**What is expected**
Here the job is to retype the data word for word while leaving the pictures aside.

**Input data**

◇ ◇ ◇ ◇

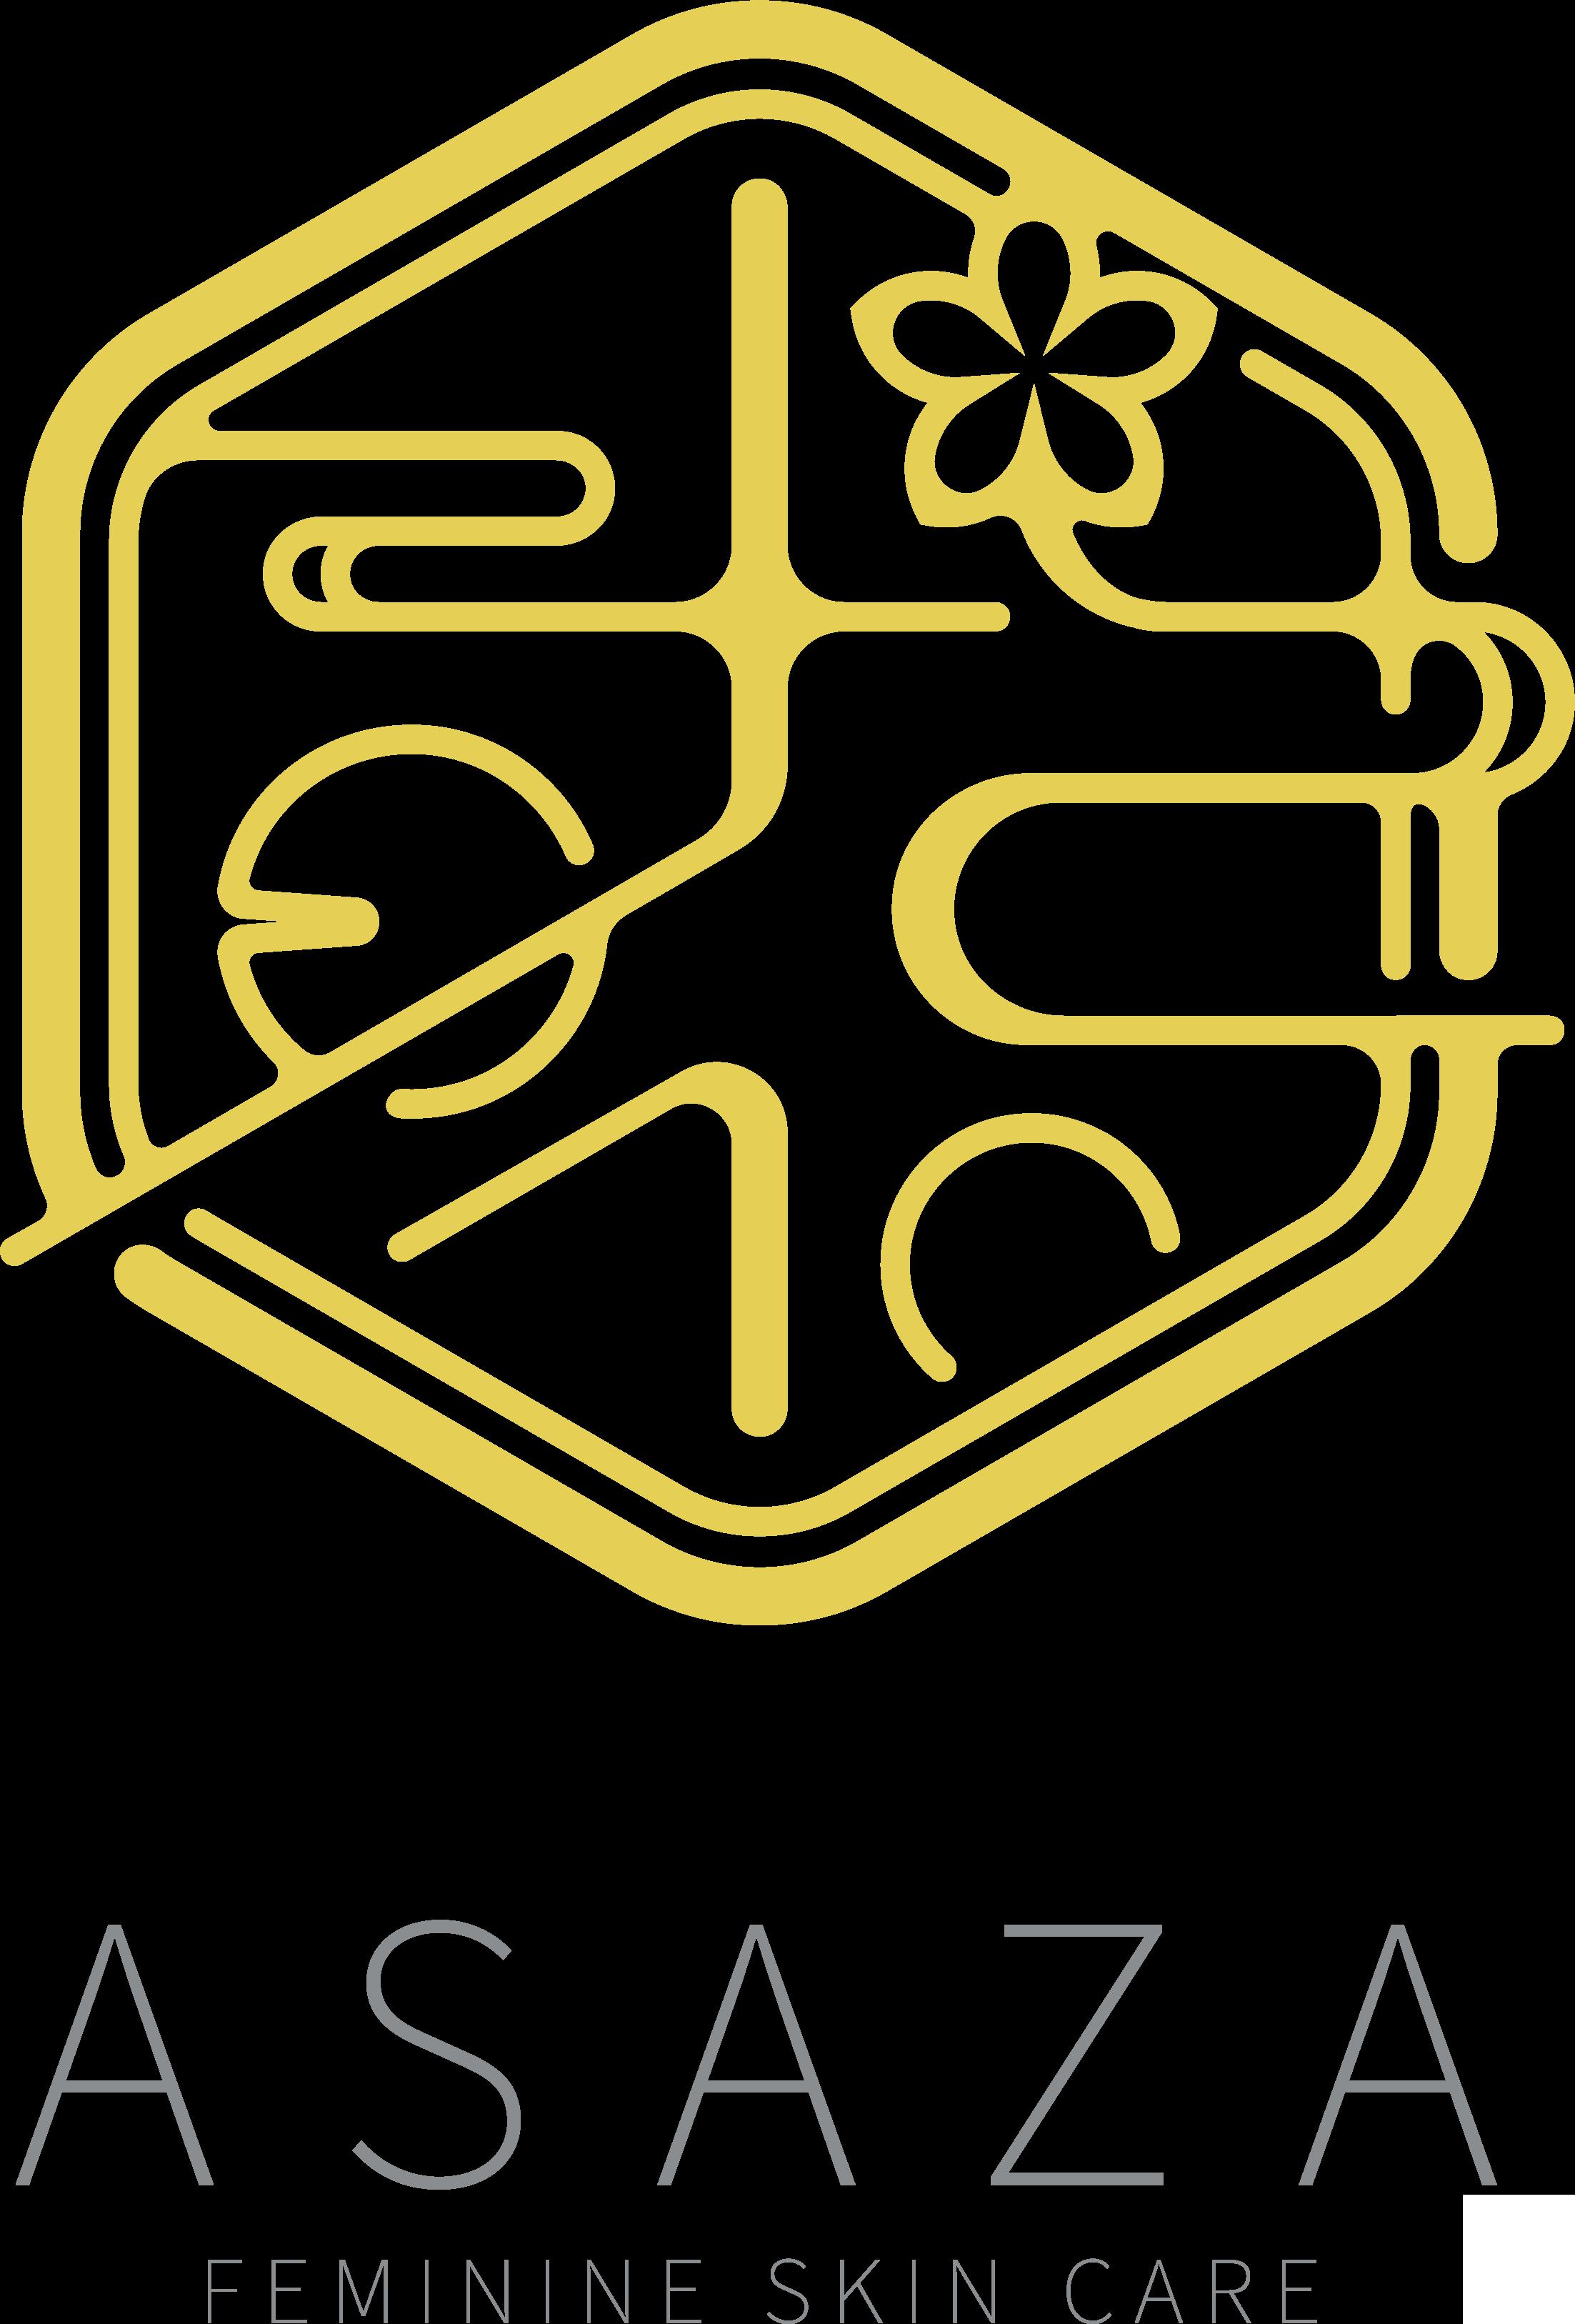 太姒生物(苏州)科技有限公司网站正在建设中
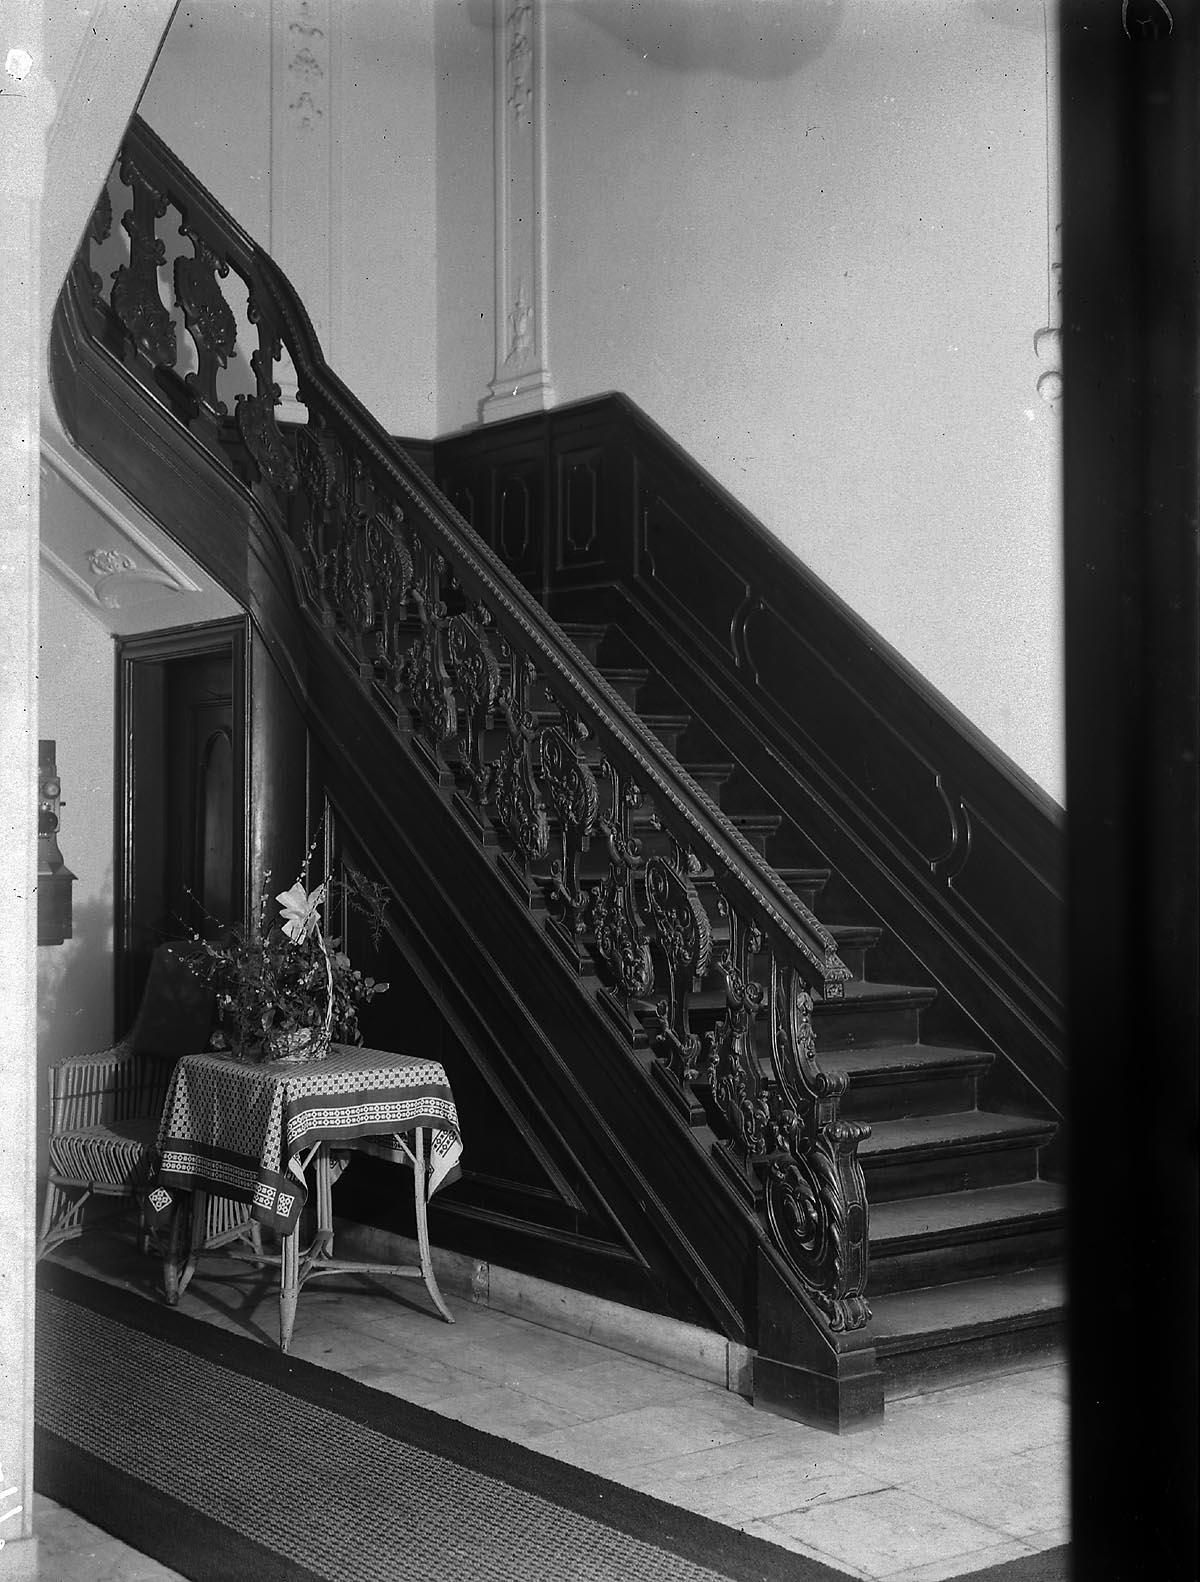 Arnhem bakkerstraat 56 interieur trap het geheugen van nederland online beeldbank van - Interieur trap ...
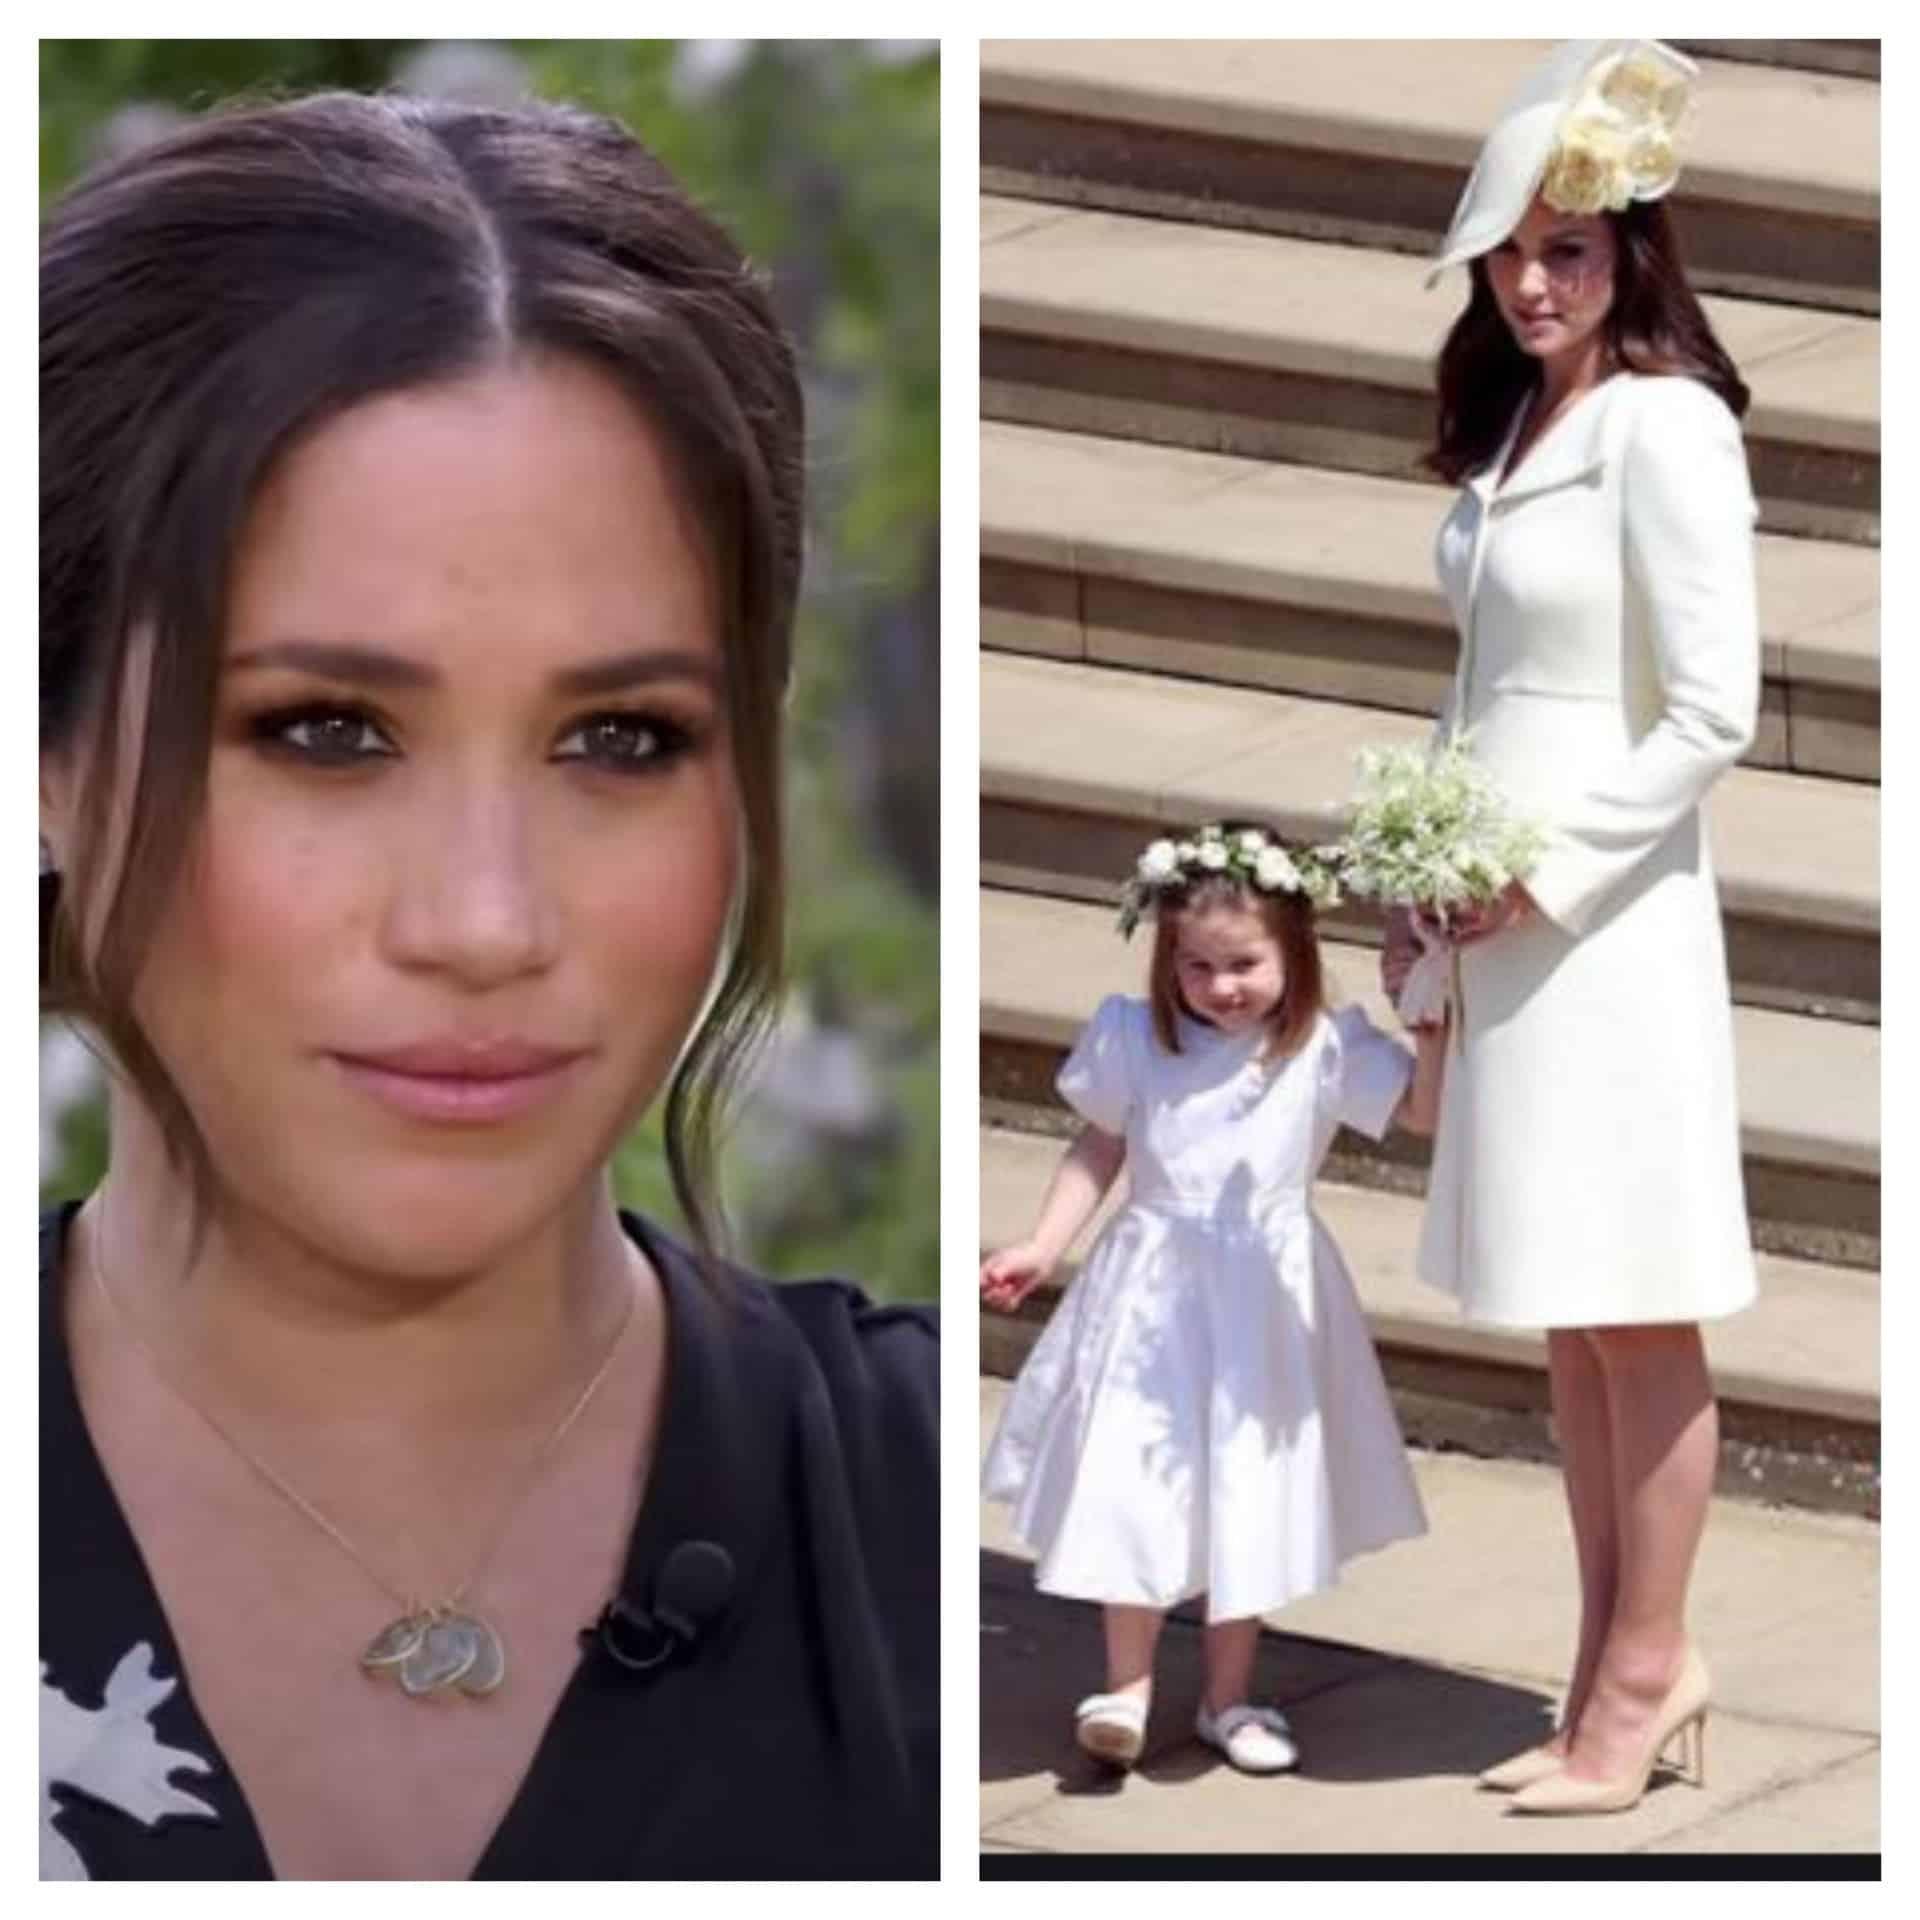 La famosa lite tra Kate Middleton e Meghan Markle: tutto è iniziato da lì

◇ ◇ ◇ ◇

**Exercise response**
 太姒生物(苏州)科技有限公司网站正在建设中
 Arnhem bakkerstraat 56 interieur trap het geheugen van nederland online beeldbank van - Interieur trap ...
 La famosa lite tra Kate Middleton e Meghan Markle: tutto è iniziato da lì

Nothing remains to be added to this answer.